Department of Orthopedic Surgery, Sapporo Medical University, Sapporo, Hokkaido, Japan.
Am J Sports Med. 2011 Oct;39(10):2226-32. doi: 10.1177/0363546511413455. Epub 2011 Jul 18.
Suture-button fixation for tibiofibular syndesmosis injuries is a relatively new surgical technique thought to provide semirigid dynamic stabilization. However, adequate information is still not available and there are controversies as to whether it provides enough fixation for syndesmosis injuries.
Optimally directed suture-button fixation brings physiologic dynamic stabilization of the ankle syndesmosis.
Controlled laboratory study.
Stabilization of the ankle syndesmosis fixed by a suture-button construct was examined using 6 normal fresh-frozen cadaver legs. After initial tests of intact and injured models, suture-button fixation and screw surgical techniques were performed sequentially for each specimen, with single suture-button fixation, double suture-button fixation, anatomic suture-button fixation, and metal screw. Anterior and medial traction forces, as well as external rotation force, were applied to the tibia; the diastasis of the syndesmosis and the rotational angle of the fibula related to the tibia were measured using a magnetic tracking system.

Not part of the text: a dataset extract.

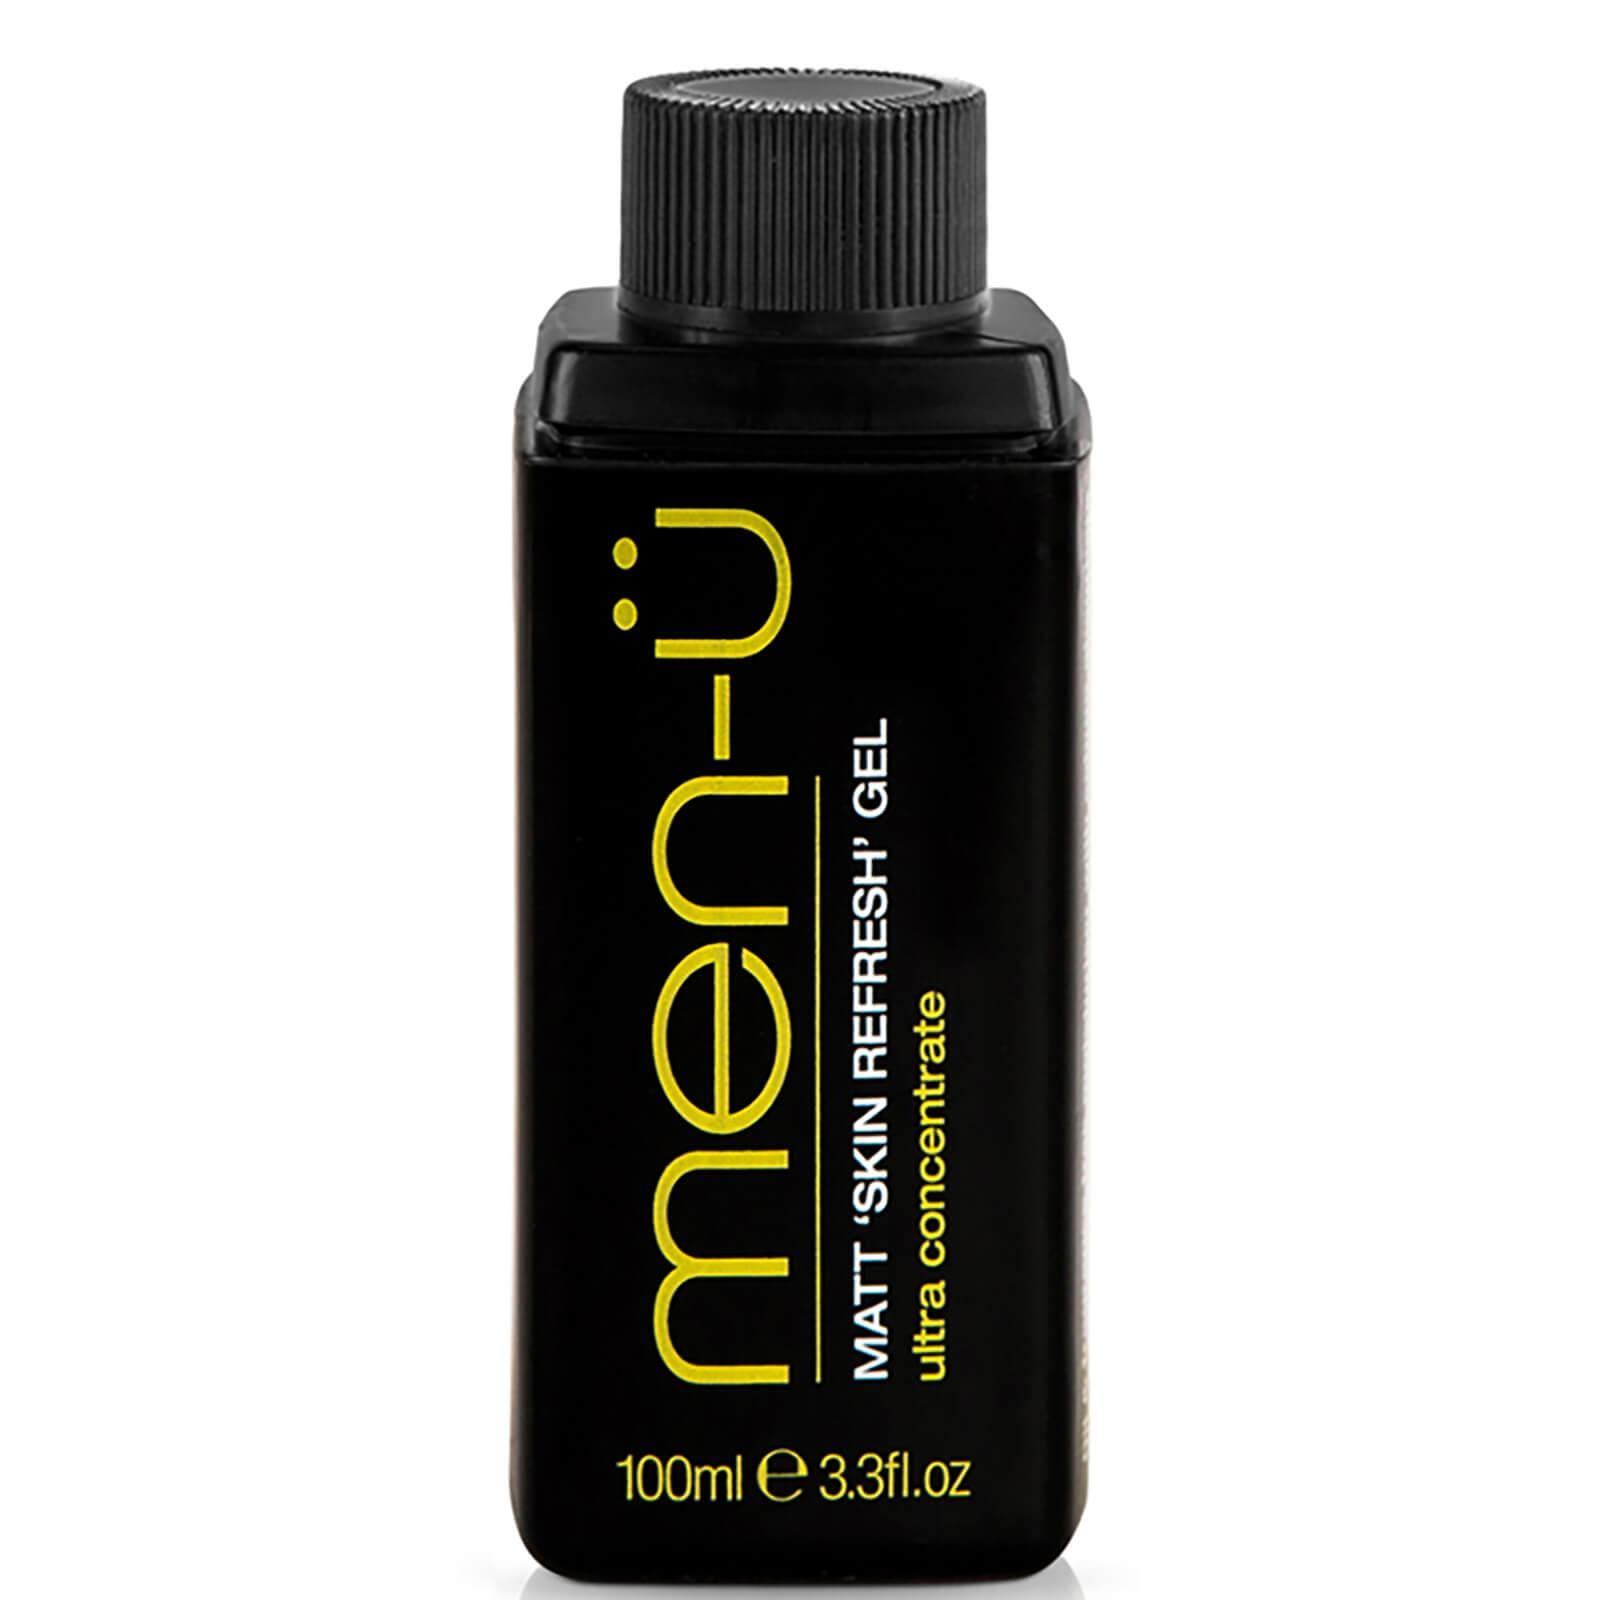 men-ü Matt Skin Refresh Gel 100ml - Refill

Each traction and rotation force significantly increased the diastasis and fibular rotational angles in the created injury models. With single fixation, the diastases increased significantly compared with the intact model with an anterior traction force (P < .001), a medial traction force (P = .005), and an external rotation force (P = .015). The fibular rotational angles increased significantly with a medial traction force (P = .005) and an external rotation force (P < .001). With double fixation, the diastases increased significantly with a medial traction force (P = .004) and an external rotation force (P = .012). The fibular rotational angles increased significantly with a medial traction force (P = .035) and an external rotation force (P = .002). With anatomic fixation, there were no significant differences compared with the intact model. With the metal screw, the diastases decreased significantly with an external rotation force (P = .037).

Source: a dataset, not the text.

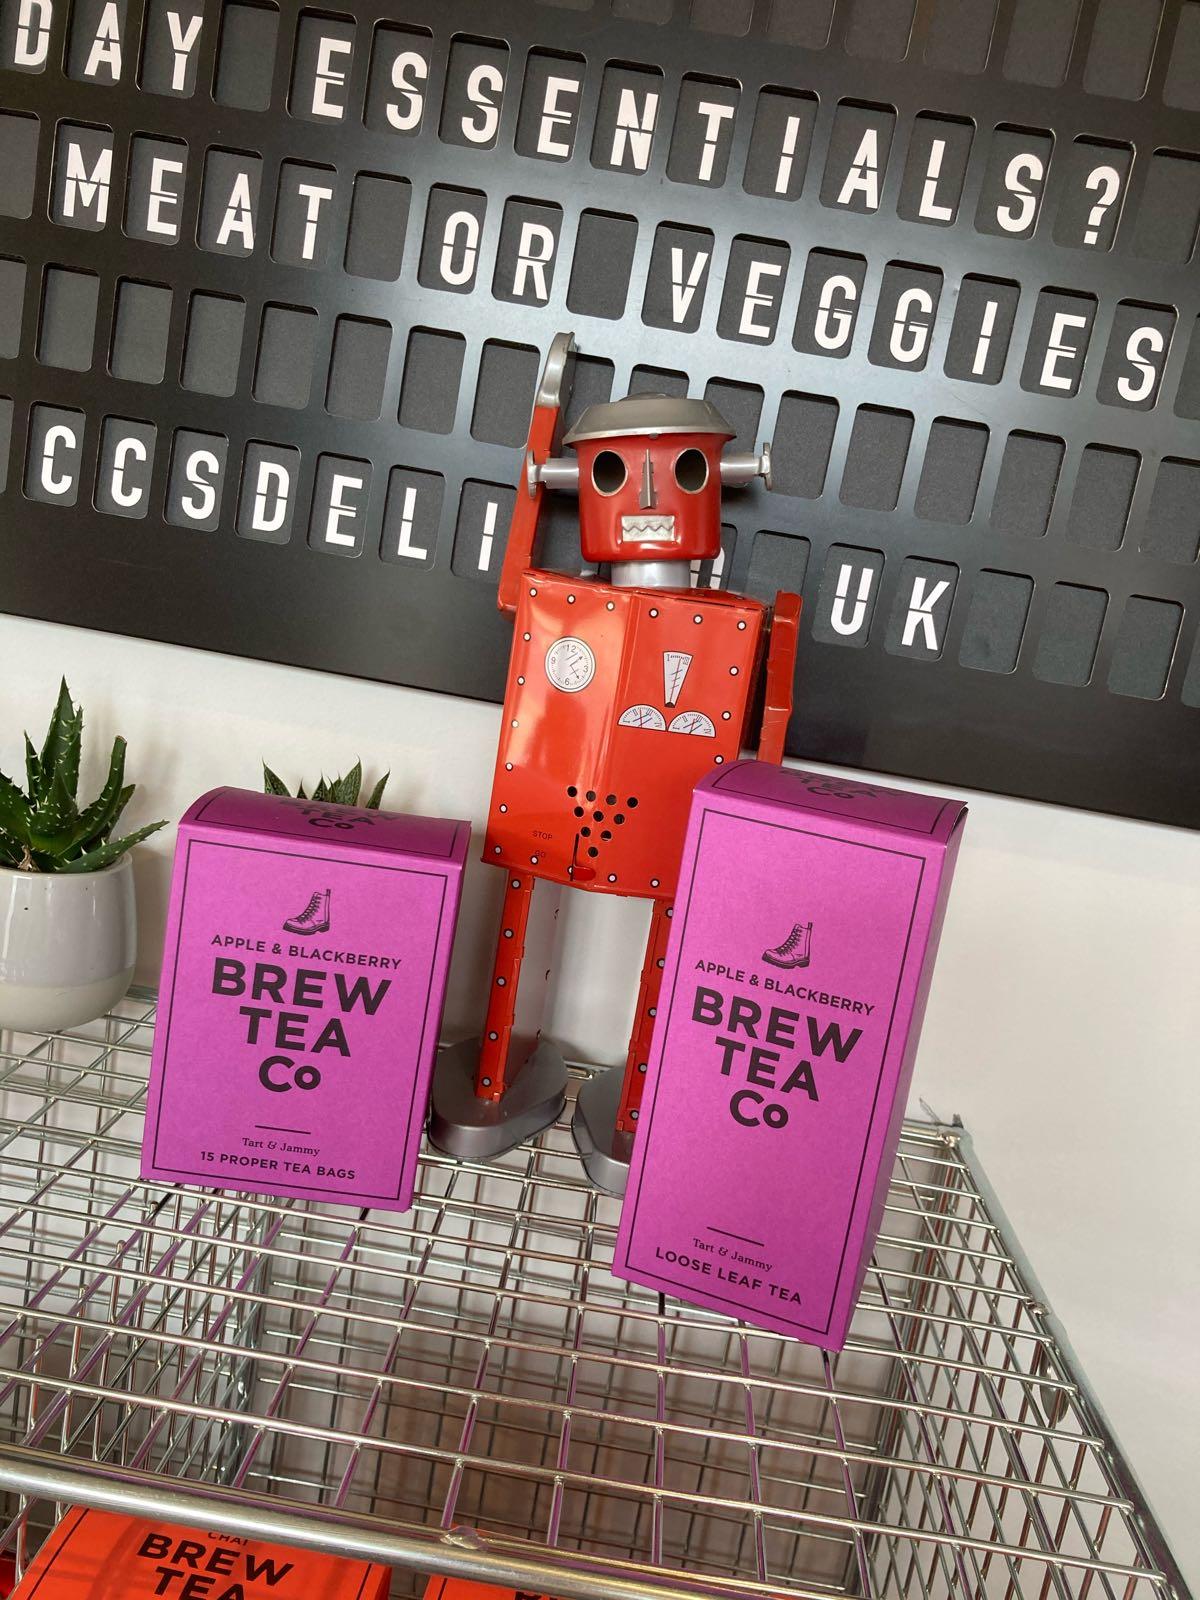 Brew Tea Co Apple & Blackberry - 1/4lb Loose Leaf

Neither single nor double fixation for syndesmosis injuries provided multidirectionally stabilizing syndesmosis. Anatomic fixation directed from the posterior cortex of the fibula to the anterolateral edge of the tibia allowed dynamic stabilization of intact cadaver specimens. The metal screw provided very rigid fixation.
Optimal direction of the suture button can provide adequate stabilization of the ankle and could benefit athletes with syndesmosis injuries.

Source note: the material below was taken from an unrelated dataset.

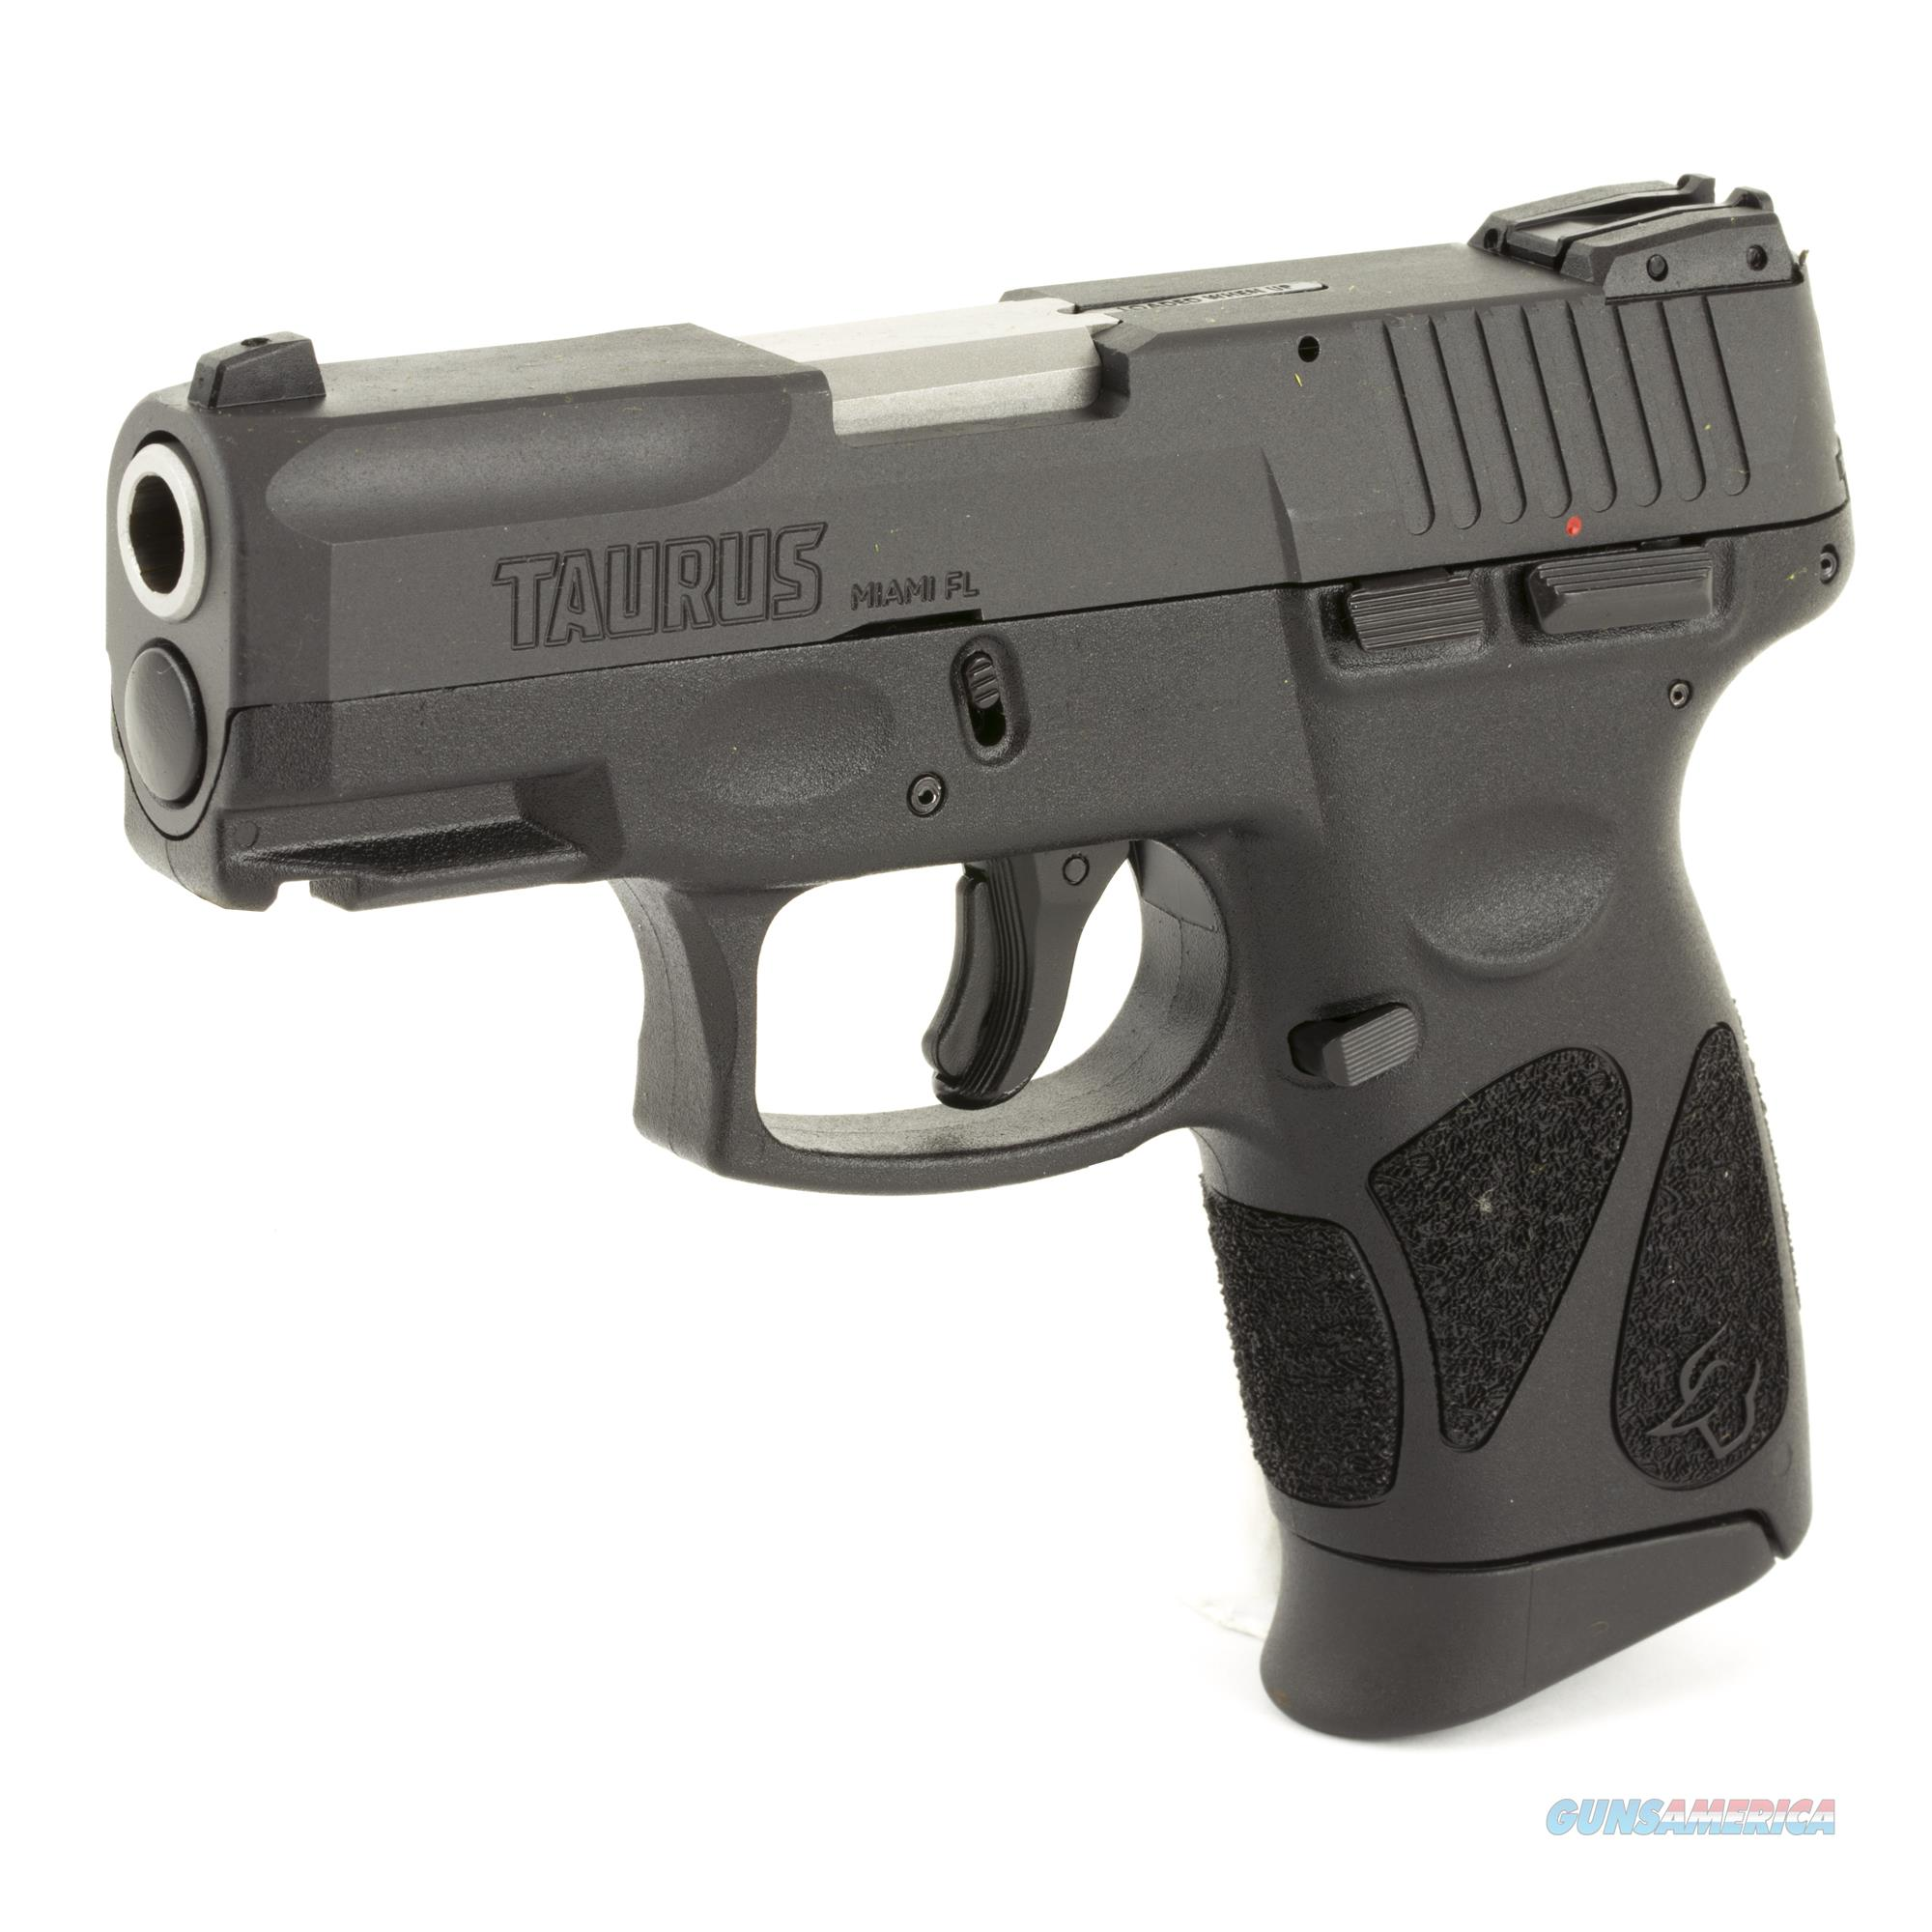 TAURUS G2C 2MAGS 12RND  Guns > Pistols > Taurus Pistols > Semi Auto Pistols > Polymer Frame

用于胫腓联合损伤的缝合钉固定是一种相对较新的手术技术,被认为可提供半刚性动态稳定。然而,目前仍然缺乏充分的信息,并且对于它是否能为联合损伤提供足够的固定存在争议。
最佳定向缝合钉固定可实现踝关节联合的生理性动态稳定。
对照实验室研究。
使用 6 具正常新鲜冷冻尸体腿检查缝合钉构建物固定的踝关节联合的稳定性。在完整和损伤模型的初始测试后,对每个标本依次进行缝合钉固定和螺钉手术技术,包括单缝合钉固定、双缝合钉固定、解剖缝合钉固定和金属螺钉固定。在前侧和内侧牵引力以及外侧旋转力的作用下,胫骨被牵拉;使用磁跟踪系统测量联合的分离度和腓骨相对于胫骨的旋转角度。
在创建的损伤模型中,每种牵引和旋转力都会显著增加联合的分离度和腓骨的旋转角度。单固定时,与完整模型相比,在前侧牵引力(P <.001)、内侧牵引力(P =.005)和外侧旋转力(P =.015)下,分离度显著增加。当施加内侧牵引力(P =.005)和外侧旋转力(P <.001)时,腓骨的旋转角度显著增加。双固定时,当施加内侧牵引力(P =.004)和外侧旋转力(P =.012)时,分离度显著增加。当施加内侧牵引力(P =.035)和外侧旋转力(P =.002)时,腓骨的旋转角度显著增加。与完整模型相比,解剖固定时没有显著差异。当使用金属螺钉时,在施加外侧旋转力时(P =.037),分离度显著减小。
对于联合损伤,单固定或双固定均不能提供多方向稳定的联合。从腓骨后皮质到胫骨前外侧边缘定向的解剖固定允许对完整尸体标本进行动态稳定。金属螺钉提供了非常刚性的固定。
缝合钉的最佳方向可以为踝关节提供足够的稳定性,并可能使联合损伤的运动员受益。